The encodings of two images of the same person are quite similar to each other.
The encodings of two images of different persons are very different.

The triplet loss function formalizes this, and tries to "push" the encodings of two images of the same person (Anchor and Positive) closer together, while "pulling" the encodings of two images of different persons (Anchor, Negative) further apart.

In my project, I used Multi-task Cascaded Convolutional Networks (MTCNN) to first extract the face from the image. These extracted faces were then used in the Siamese Network for the face recognition process.The model was trained to generate these 128-dimensional encodings for face images, which were then compared to verify or recognize individuals. This method ensures a high accuracy in distinguishing between different faces, making it suitable for both face verification and face recognition tasks.

Implementation Details

Posed face recognition as a binary classification problem
Implemented one-shot learning for a face recognition problem
First the face is extracted from the image using MTCNN.
Then, used Inception ResNet and triplet loss function to learn the parameters of the model for face recognition
Mapped face images into 128-dimensional encodings using a pretrained model
Performed face verification and face recognition with these encodings

One of the key challenges addressed in this project was the development of an effective triplet loss function that accurately differentiates between similar and dissimilar faces.
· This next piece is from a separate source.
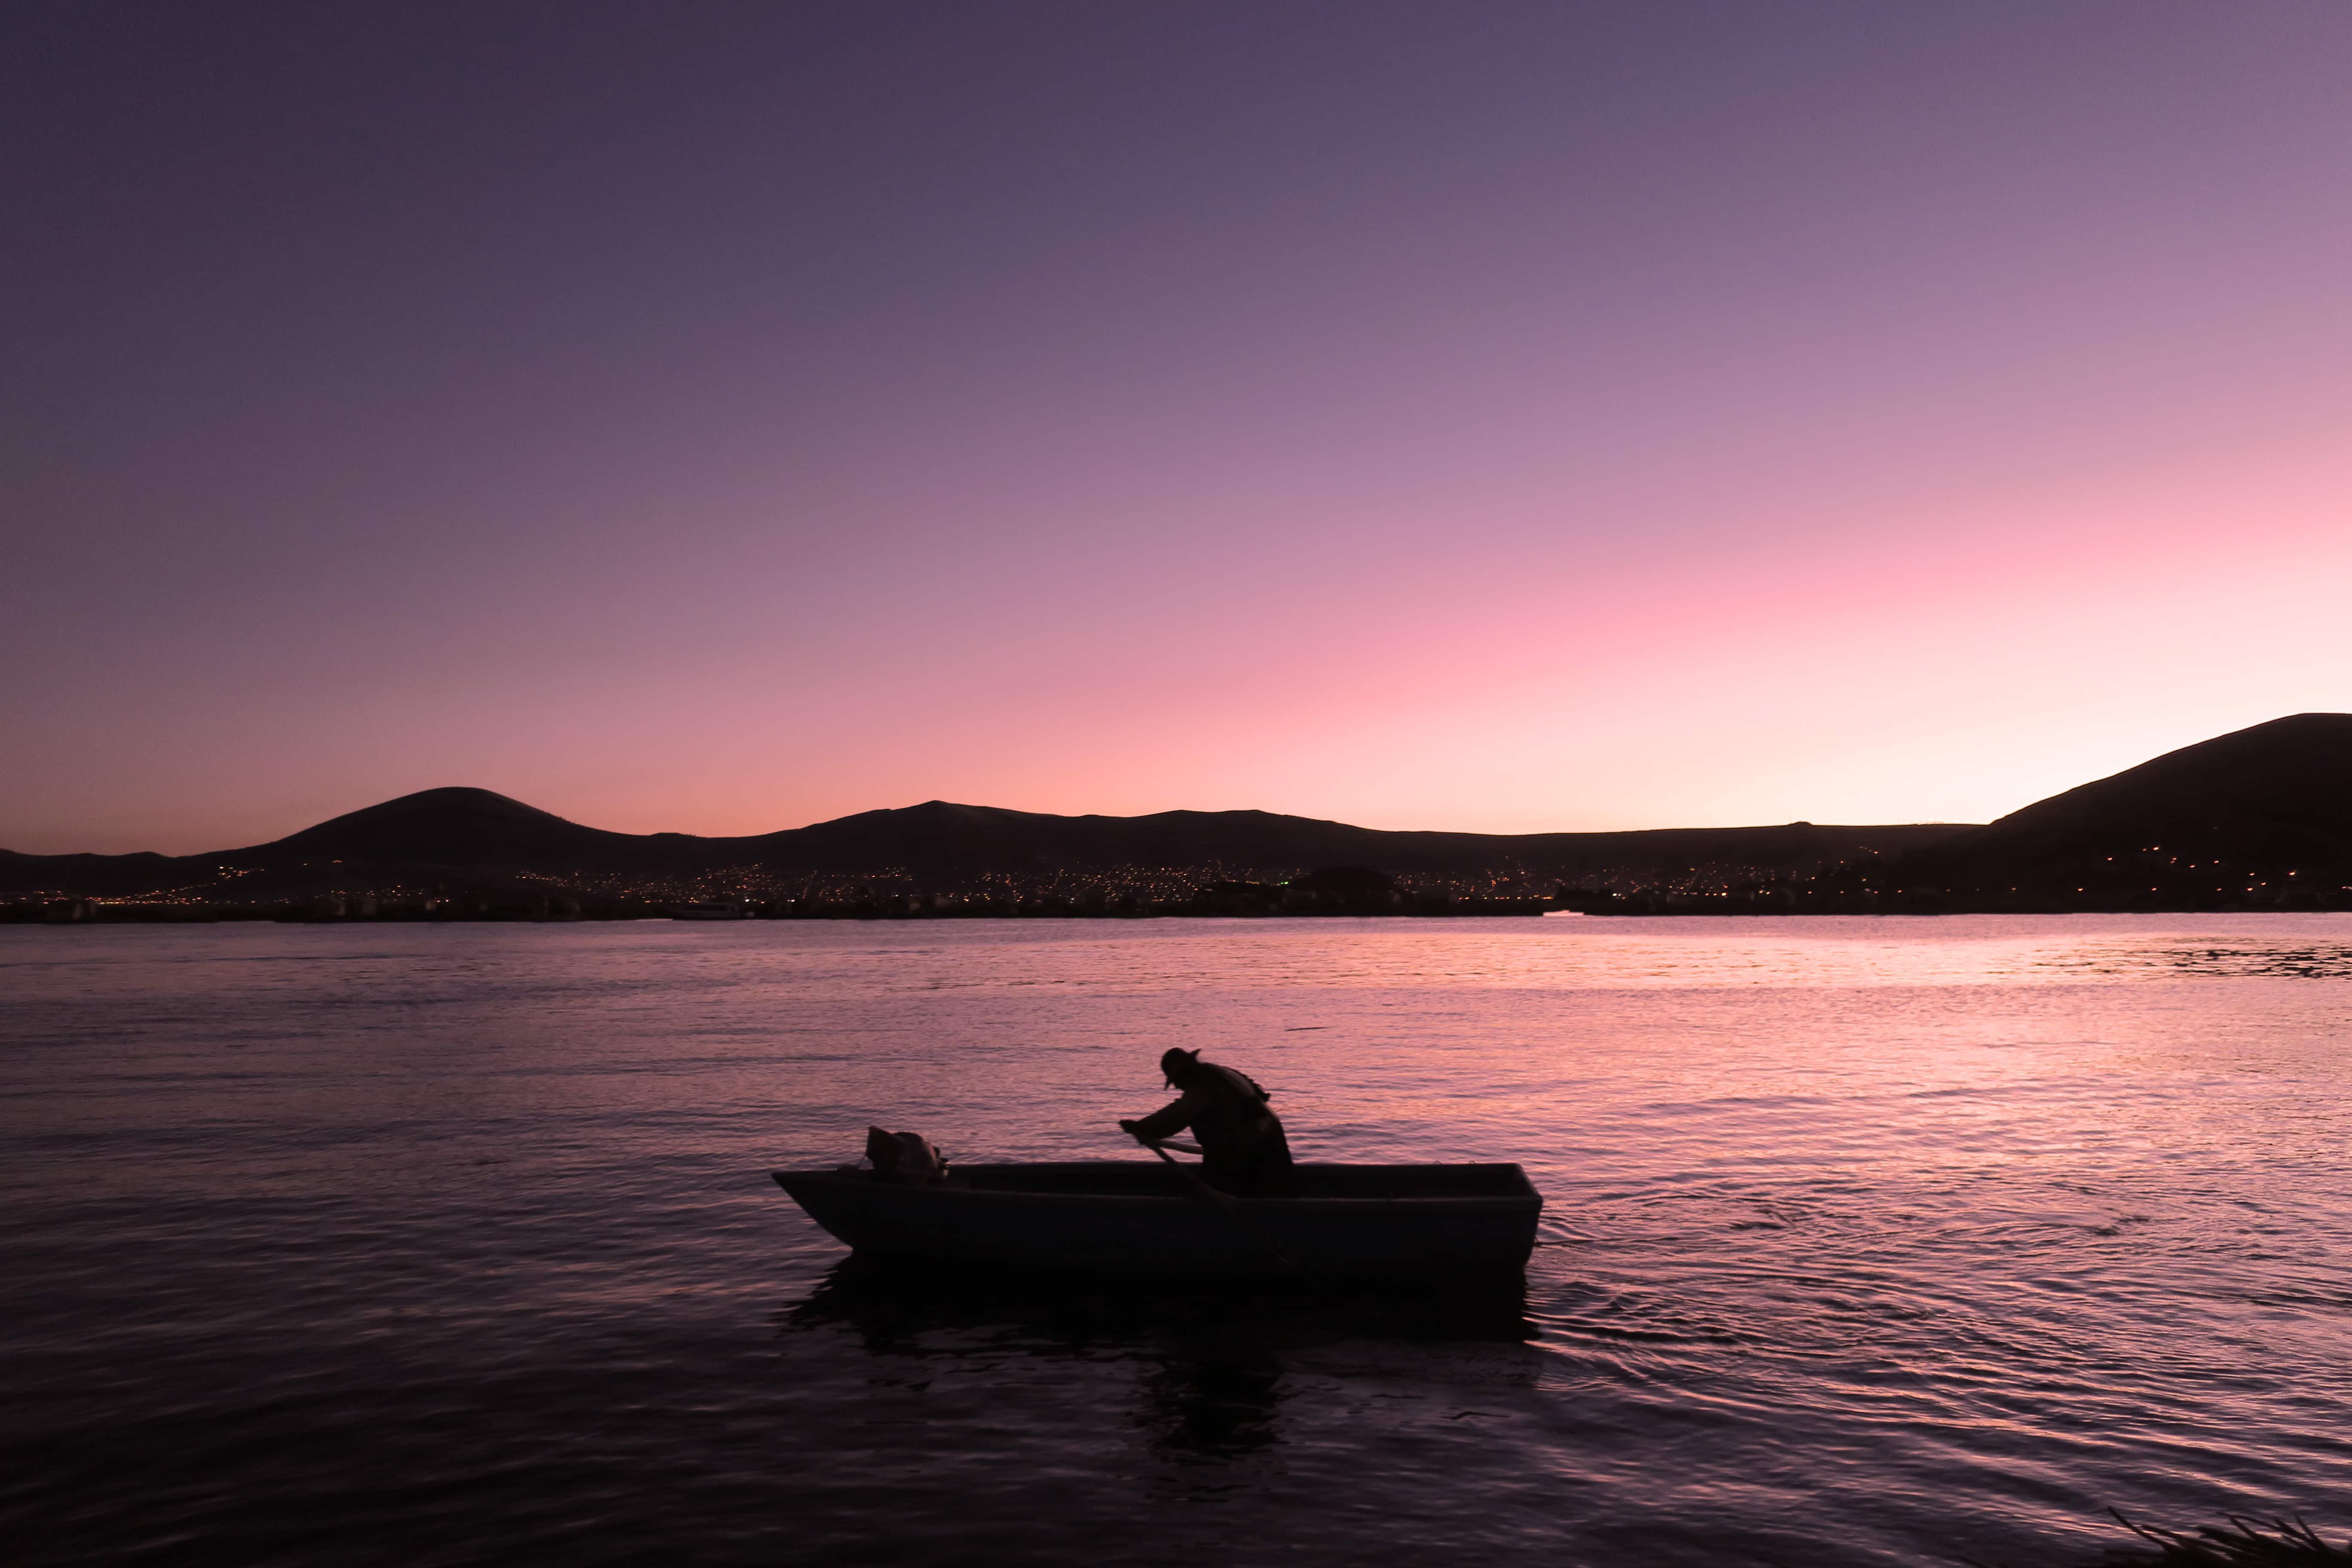 Sunset at Titicaca Lake.
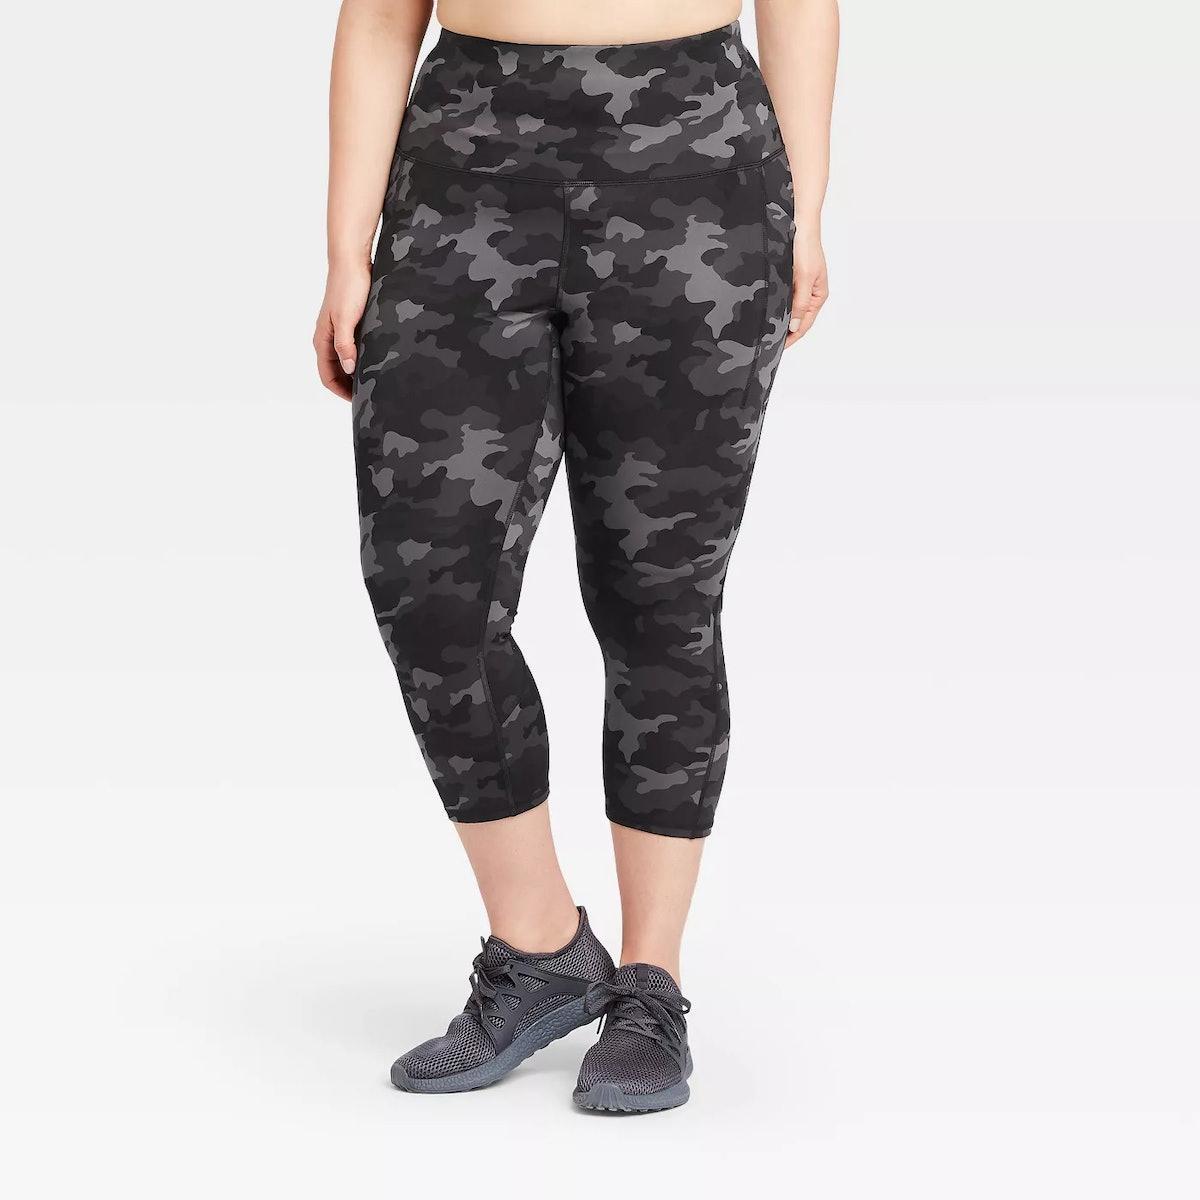 All In Motion Women's Plus Size Camo Print Sculpted High-Rise Capri Leggings

The network was fine-tuned to achieve optimal performance, balancing the distance between positive and negative pairs of images.

This approach has numerous applications, including security systems, user authentication on devices, and automated attendance systems. The ability to reliably identify or verify individuals based on their facial features opens up many possibilities for enhancing security and convenience in various domains.

Overall, this project showcases the potential of Siamese Networks in face recognition and highlights the effectiveness of deep learning in solving complex problems in computer vision.